The findings are contained in a new report from Deloitte - Consumer Data Revolution: Empowering Australia’s Future - which lays out an alternate path forward for the CDR to reach its aims and maximise consumer and economic benefit. This report was produced with the support of the Commonwealth Bank of Australia.
Deloitte Access Economics Partner, John O’Mahony says: “Imagine a world where you no longer need to repeatedly input identical information across various businesses, where processes are streamlined and consumer effort is reduced. The benefits could include improved social and health outcomes for consumers, while also enabling better informed decisions for complex life events and issues.
“Design principles for the next phase of CDR’s evolution should include speed, value and trust as well as being grounded in consumer life objectives and events and increasing incentives for business.”
Australia’s Consumer Data Right (CDR) is a legislative framework aimed at giving consumers more control over their personal data. What many people don’t realise is the size of the data footprint they leave in the economy, estimated at close to 48,000 petabytes in 2023. This is equivalent to every Australian taking and storing around 2,670 photos each day for a year on their phones.
Consumer data is regularly shared between some businesses but mostly not within the CDR framework. The roll out of CDR was planned as a phased process, with the framework applied to different sectors of the Australian economy over time starting with the banking sector in July 2019, followed by the energy sector in October 2022.
To date, the CDR has had mixed success with low consumer adoption, slow expansion and limited business innovation. As a result, the government has paused its expansion to other sectors, instead focusing on improving data quality, deepening participation in existing sectors, strengthening cybersecurity and improving awareness.
“The CDR’s impact could be far reaching. Cross-sector data sharing is key to produce economic and societal benefits for Australia, through greater competition and innovation, stimulating an uplift in business productivity”, Mr O’Mahony says.
“Banking and energy account for only 4% of total consumer data in Australia, which indicates there’s potentially more value to be captured by expanding the CDR, rather than deepening scope in banking and energy.

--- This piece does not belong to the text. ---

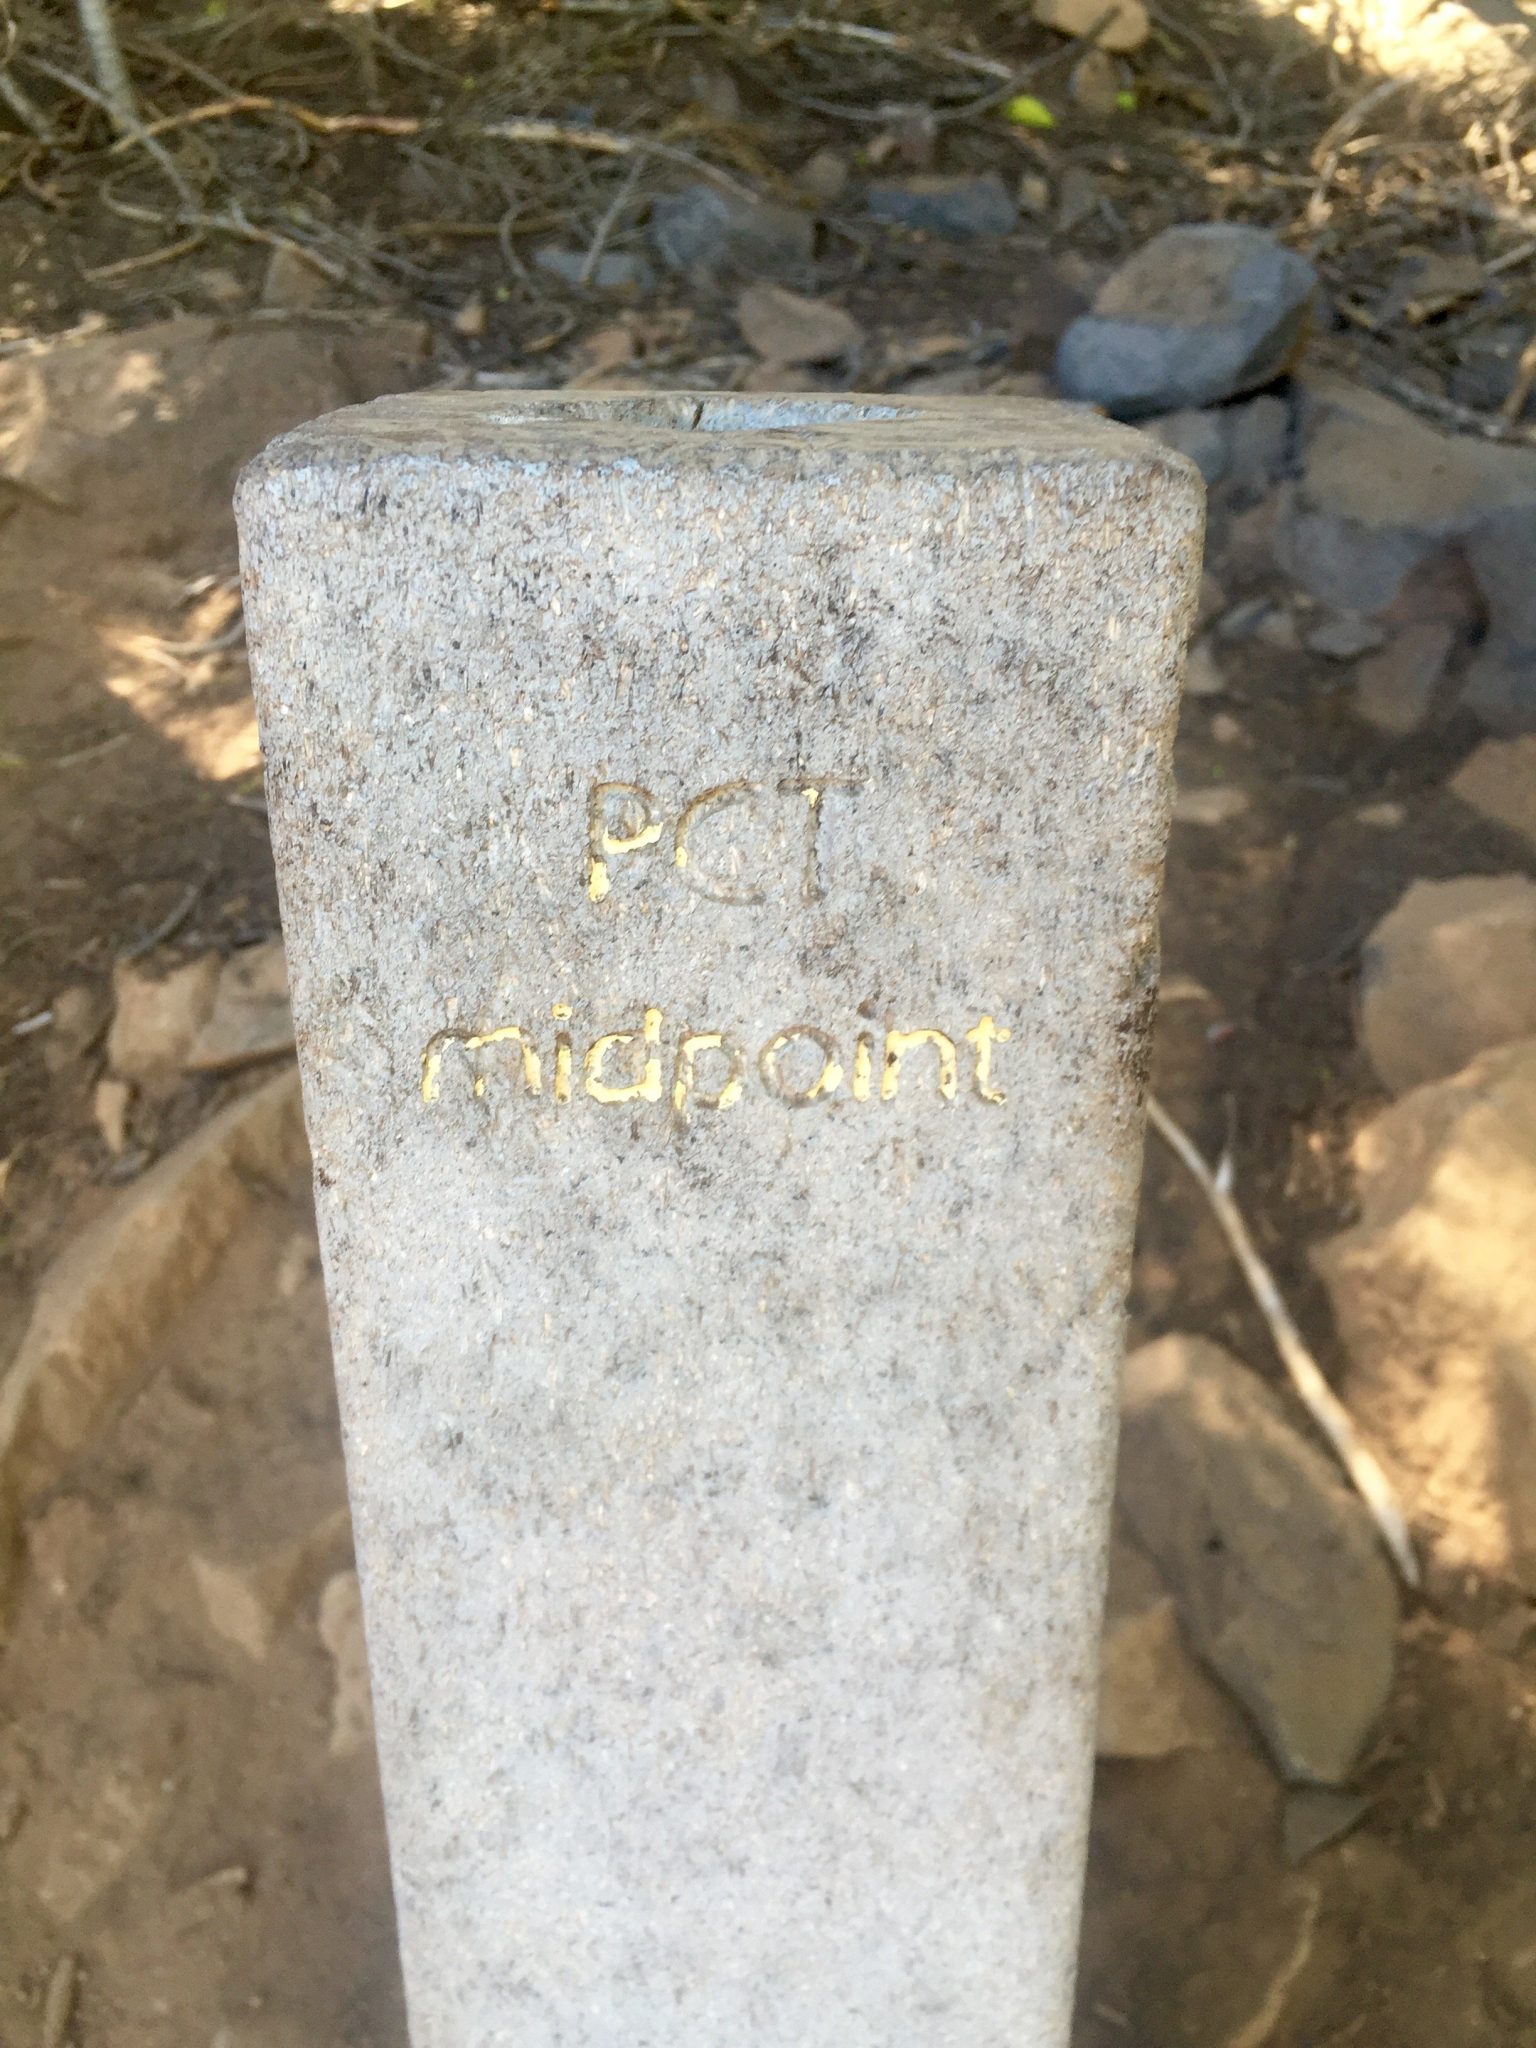 Stone post marking the PCT halfway point

“Our data holding analysis shows software and information service businesses in the technology sector hold the most volume of data, around 59% of total consumer data stored in Australia each year. Public administration and safety sectors, including federal, state and local government and agencies, also capture some of the widest variety of consumer data types and are leading primary sources.”
Former Productivity Commission Chairman, Peter Harris says: “The CDR is an initiative in data innovation to give consumers the opportunity to take control by allowing their data - already held by a business - to transfer, safely, to another business in return for a savings or better service, a better deal overall. We have very few opportunities in the digital economy for innovation driven by the consumers. The slow roll-out of this Right to multiple sectors is a cost to consumers, and to competition. Getting it right would boost productivity across the economy.”